Uma segunda diferença estava no fato do autor ver como positiva a não “incorporação” da região pelo “esforço civilizatório”. Mesmo porque, a designação dessa região como um “Sertão Carioca” expressava a idéia de um espaço idílico vinculado diretamente à noção de uma áurea outrora perdida. Era o Sertão Carioca um paraíso perdido no processo civilizatório. O freqüente recurso que faz M. Corrêa de imagens pictóricas quando da descrição de paisagens demonstra bem esse tipo de visão. Um exemplo é a descrição de uma das grandes cascatas da região, a “Cascata Grande”
formada por duas quedas d’água, hoje muito reduzidas, a não ser depois das chuvas que toma aspecto majestoso, feito pela mão da natureza. A cascata é extraordinária pela sua múltipla visão, talvez um dos pontos mais bellos da paizagem carioca; entre as duas quedas, a água quase que parada, é um espelho do céo, das montanhas e da vegetação. Este conjunto de quedas e remanso dá a impressão de estar-se em um paiz de fadas....
A beleza e os “mystérios” das praias da Barra da Tijuca eram tão extraordinários para Corrêa, que a sua descrição é tecida de modo que fique difícil distinguir o que é real e o que é ilusório.
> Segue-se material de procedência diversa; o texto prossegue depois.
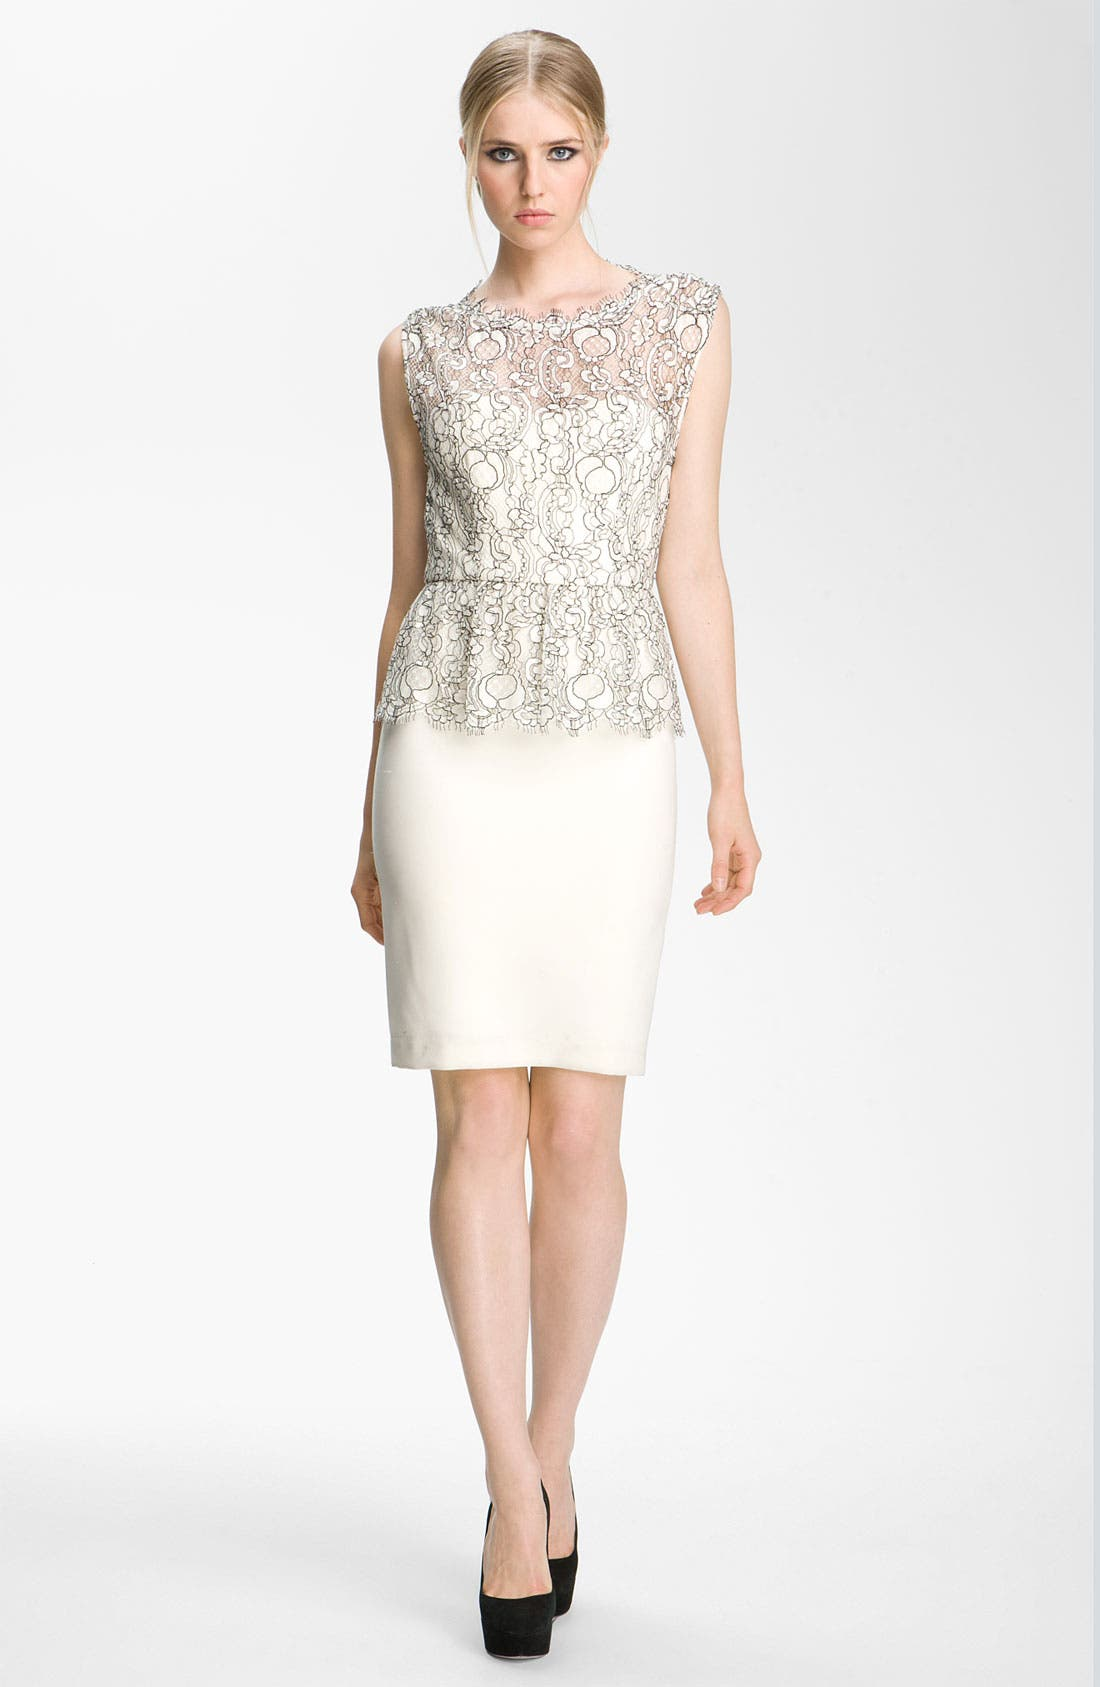 Alternate Image 1 Selected - Alice + Olivia 'Shovan' Lace Overlay Peplum Dress
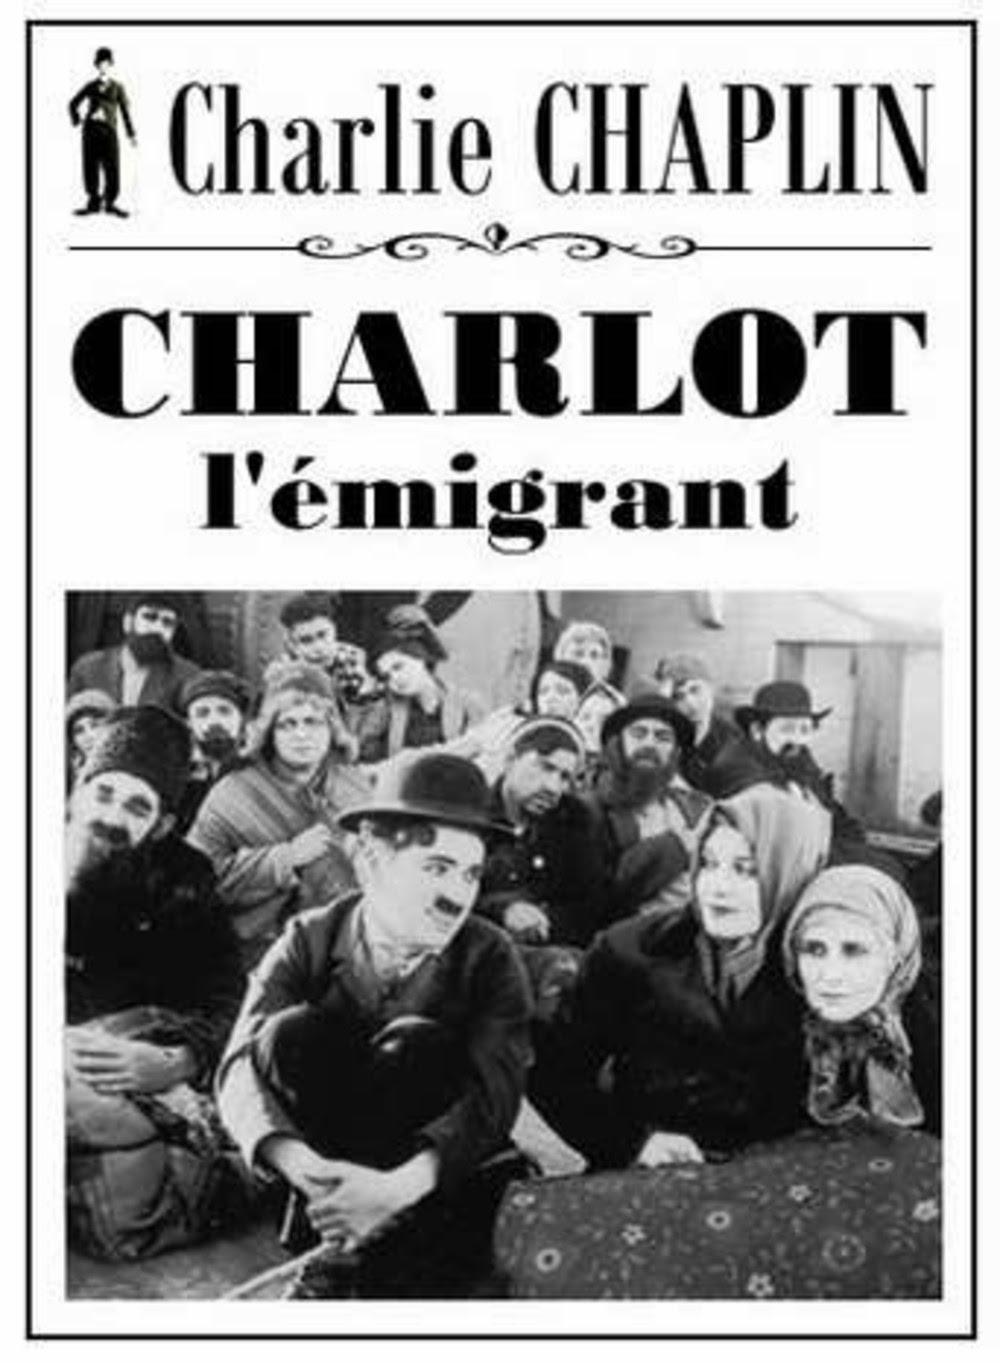 L'émigrantde Charlie Chaplin

Na “paizagem” idealizada, ou melhor, “observada” pelo primeiro cronista desta “vasta zona terra carioca”, seres reais e mitológicos parecem coexistir harmonicamente:
Nesse ambiente ingênuo e encantador, onde a alvissima e fina areia se transforma aqui e além em dunas, apparecem encantadoras silhuetas de Eva, de maillot ou sunga, deixando-se beijar pelas águas límpidas dessa mysteriosa mistura fluvial marítima. Ellas se transformam de mundanas em verdadeiras nymphas, nesses casebres de pescadores, os quaes cedem os quartos da esposa e filhos para a mutação, como se fora um laboratório de Fausto, em troca de algumas pratas.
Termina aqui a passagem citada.